# Bézier surface

*Bézier patch*

A parametric polynomial surface in $ \mathbf R ^ {3} $ that can be expressed in terms of certain Bernstein polynomials defined over a rectangle or triangle. Bézier surfaces (also called Bézier patches) are used in the field of computer-aided geometric design (CAGD); for historical remarks see Bézier spline. There are two types of Bézier surfaces: tensor product Bézier surfaces and triangular Bézier surfaces.

1) Given degrees $ m,n > 0 $ and points $ \mathbf b _ {ij } \in \mathbf R ^ {3} $, $ i = 0 \dots m $ and $ j = 0 \dots n $, the parametric surface $ \mathbf q : {[ 0,1 ] ^ {2} } \rightarrow {\mathbf R ^ {3} } $ defined by

$$ \mathbf q ( u,v ) = \sum _ {i = 0 } ^ { m } \sum _ {j = 0 } ^ { n } {B _ {i} ^ {m} ( u ) B _ {j} ^ {n} ( v ) \cdot \mathbf b _ {ij } } , u,v \in [ 0,1 ] , $$

is called a tensor product Bézier surface, where $ B _ {i} ^ {m} ( u ) $ and $ B _ {j} ^ {n} ( v ) $ are Bernstein polynomials of degree $ m $, respectively $ n $( see also Bézier spline). The points $ \mathbf b _ {ij } $ are called control points or Bézier points.

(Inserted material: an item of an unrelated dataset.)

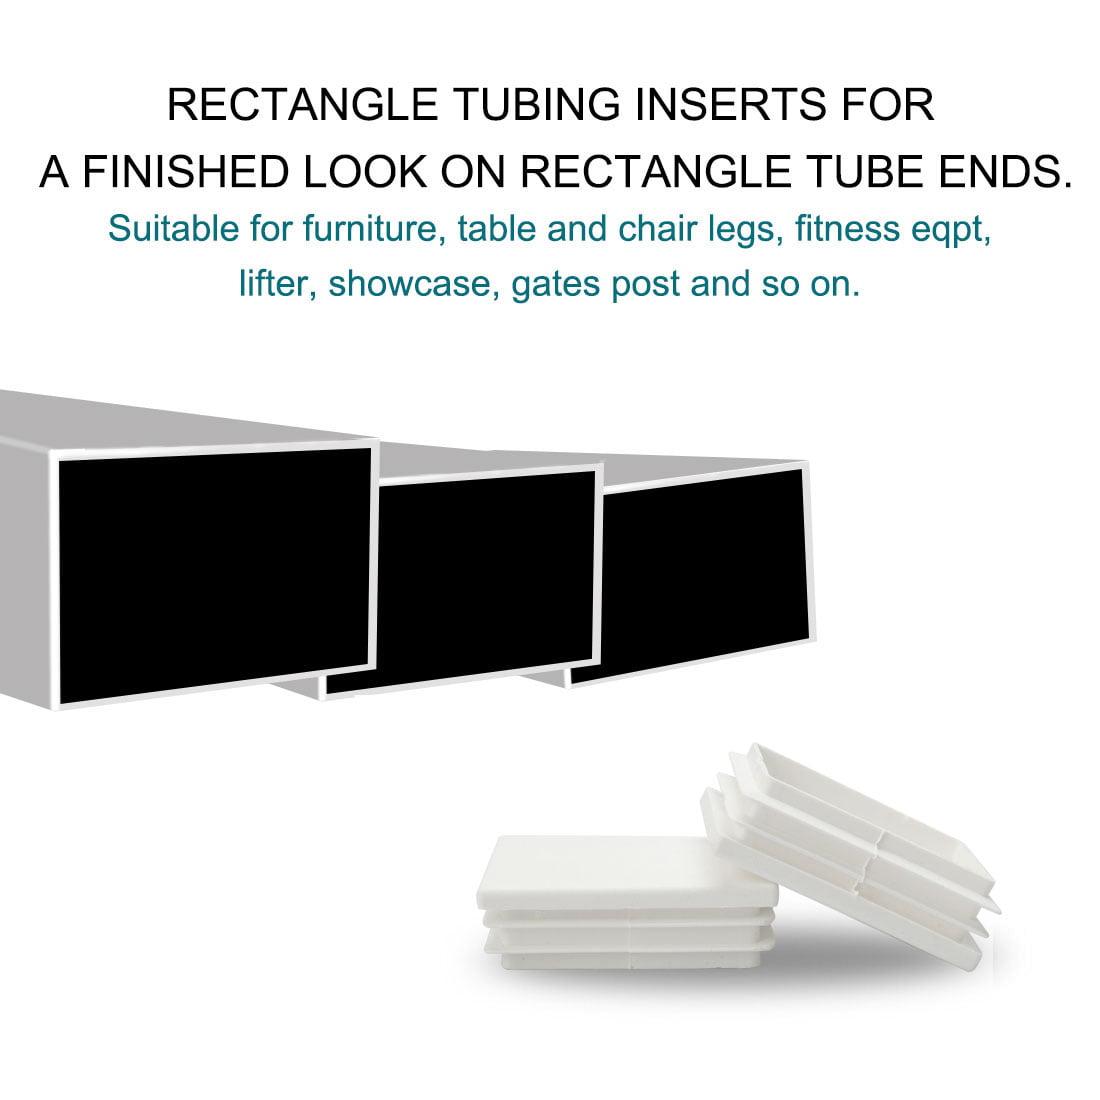 12pcs 40 x 60mm Plastic Rectangle Ribbed Tube Inserts End Cover Cap Table Feet - image 5 de 7
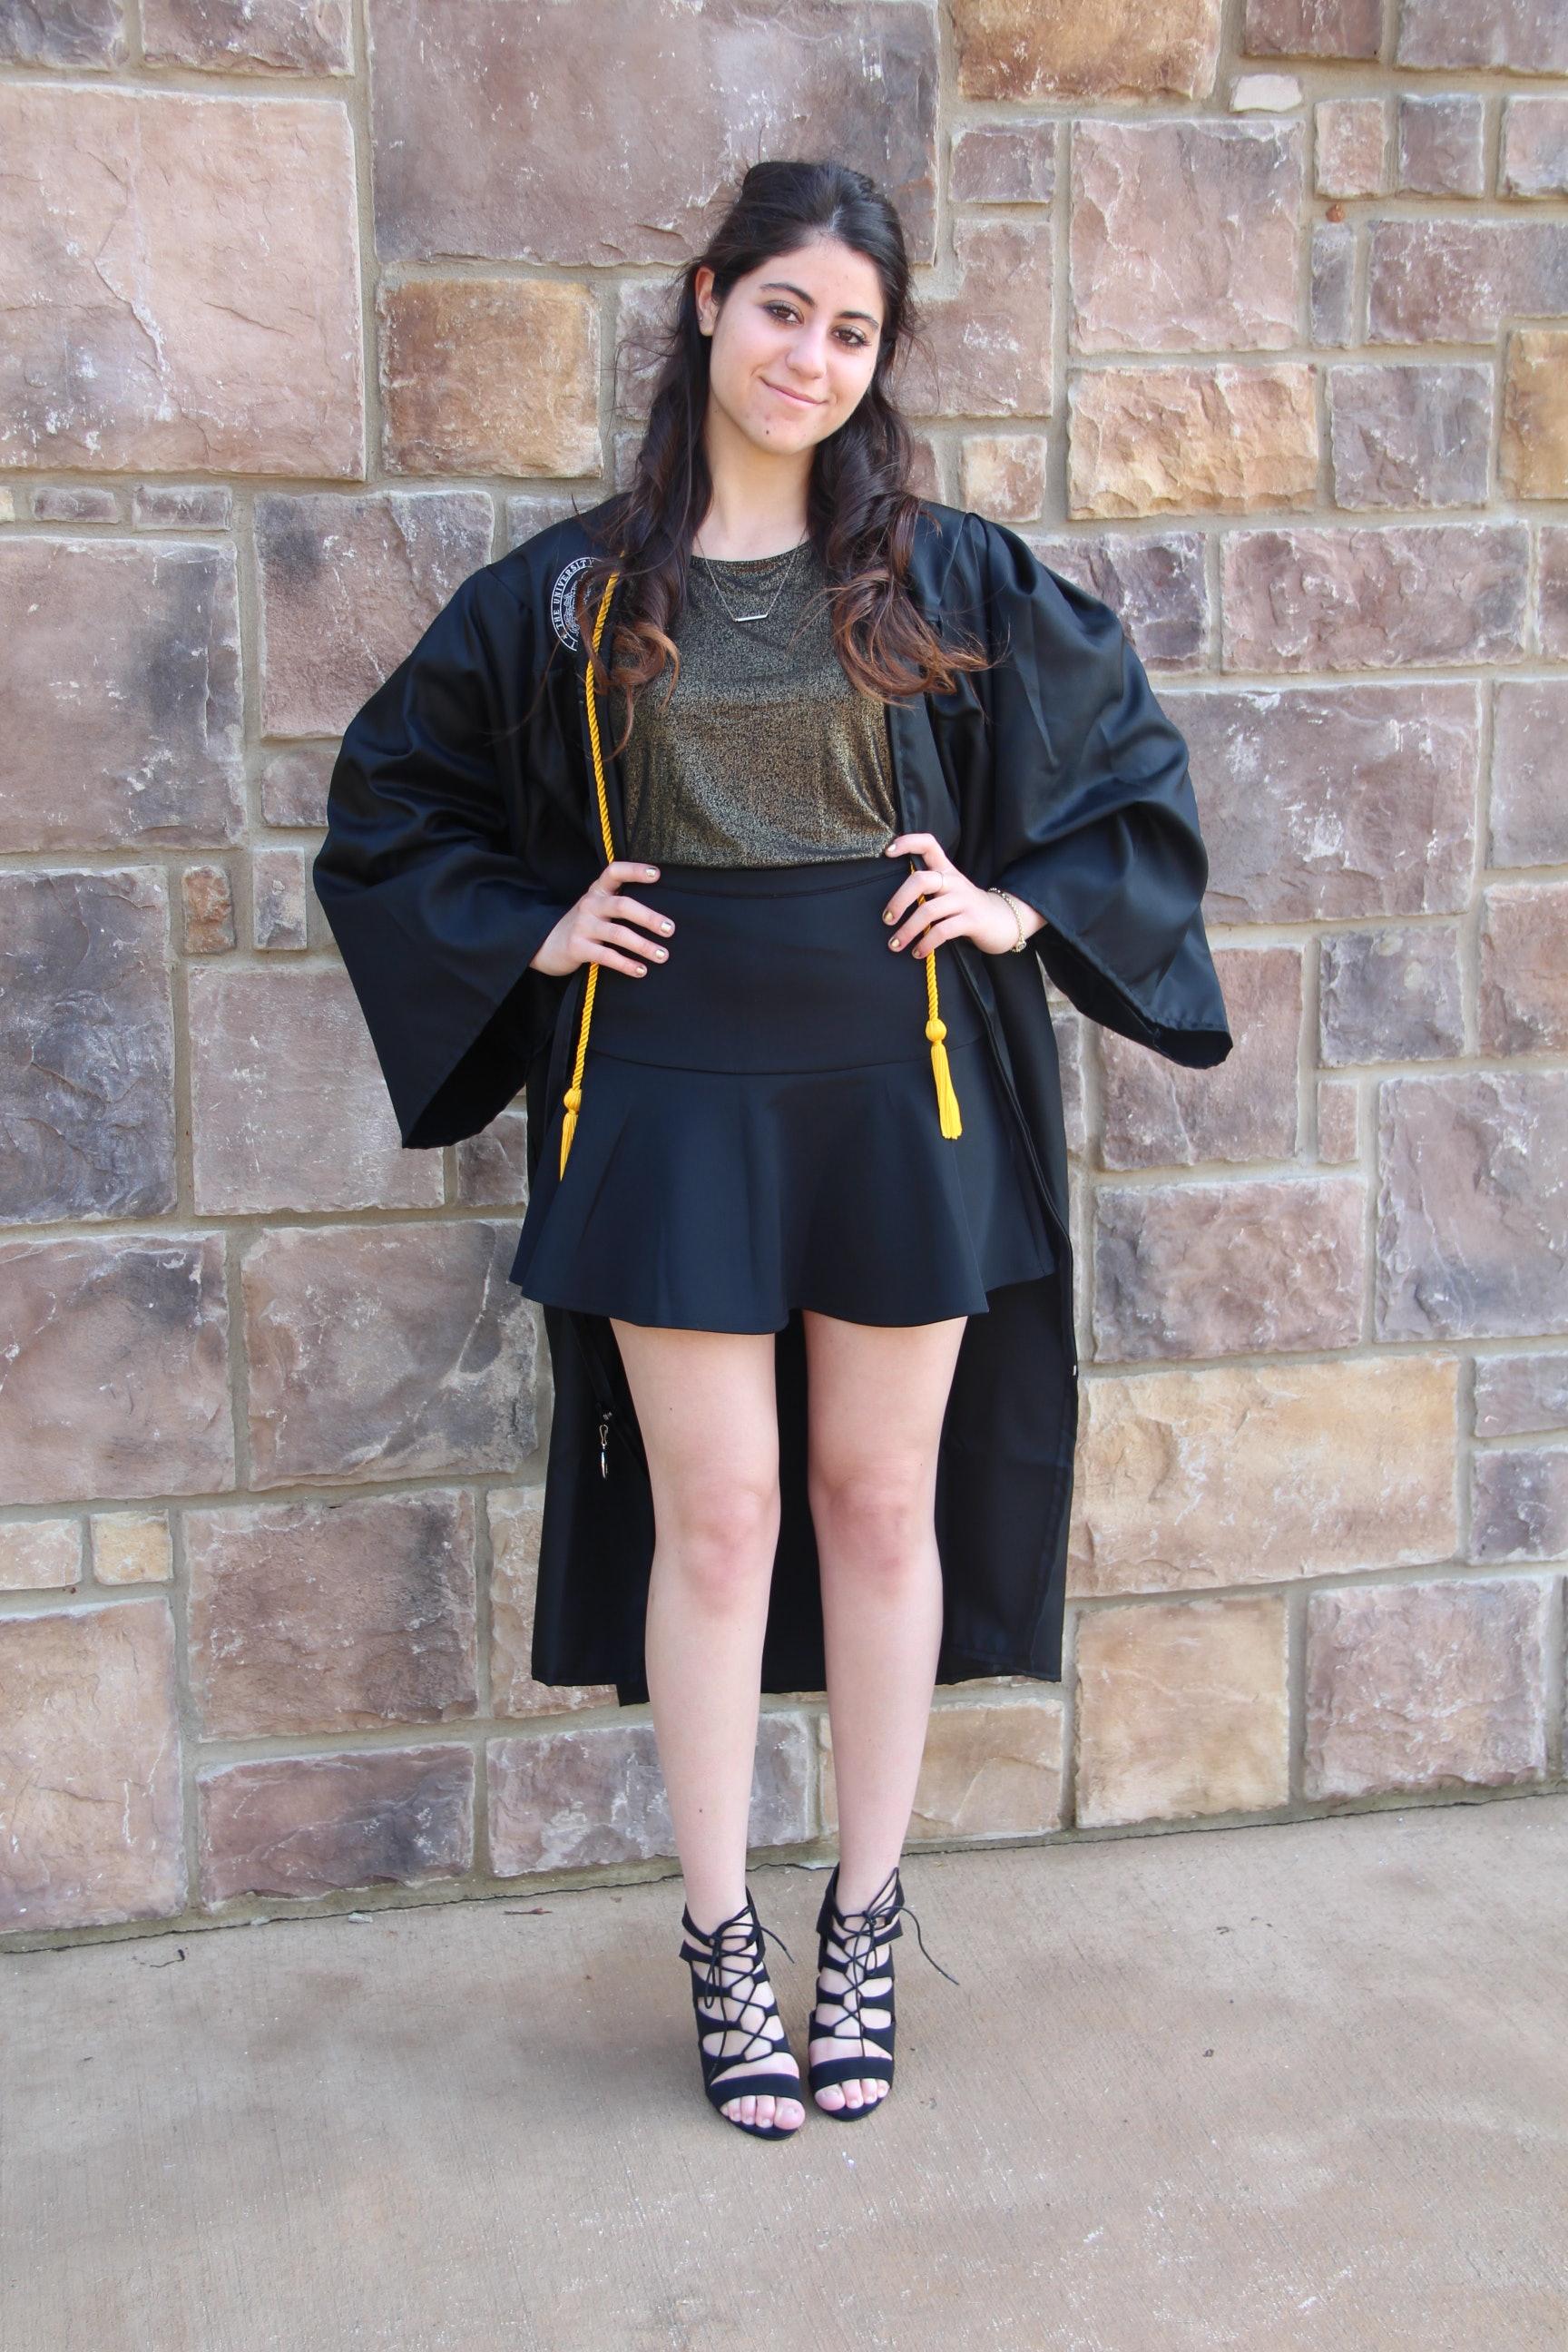 High School Graduation Ceremony Clothes - what parents wear to a high school graduation our ...

The net of control points is said to be the control net or Bézier net of the surface $ \mathbf q $. Analogously as for Bézier curves (see Bézier curve), tensor product Bézier surfaces having an arbitrary rectangle $ [ o,r ] \times [ s,t ] $ as domain may be introduced.

Many properties of Bézier curves carry over to tensor product Bézier surfaces. Any isoparametric curve $ v = v _ {0} = \textrm{ const } $ of $ \mathbf q $ is a Bézier curve $ \mathbf p ( u ) = \mathbf q ( u,v _ {0} ) = \sum _ {i = 0 } ^ {m} ( \sum _ {j = 0 } ^ {n} B _ {j} ^ {n} ( v _ {0} ) \mathbf b _ {ij } ) \cdot B _ {i} ^ {m} ( u ) $ of degree $ m $. The Bézier points of $ \mathbf p $ can be obtained by applying $ m + 1 $ de Casteljau algorithms using Bézier points $ \mathbf b _ {ij } $, $ j = 0 \dots n $( see Bézier spline). A point $ \mathbf q ( u _ {0} ,v _ {0} ) $ on the surface is then obtained by performing one more de Casteljau algorithm. Furthermore, the surface lies in the convex hull of its Bézier points. The boundary curves of the surface are Bézier curves whose Bézier points are the corresponding boundary points of the Bézier net.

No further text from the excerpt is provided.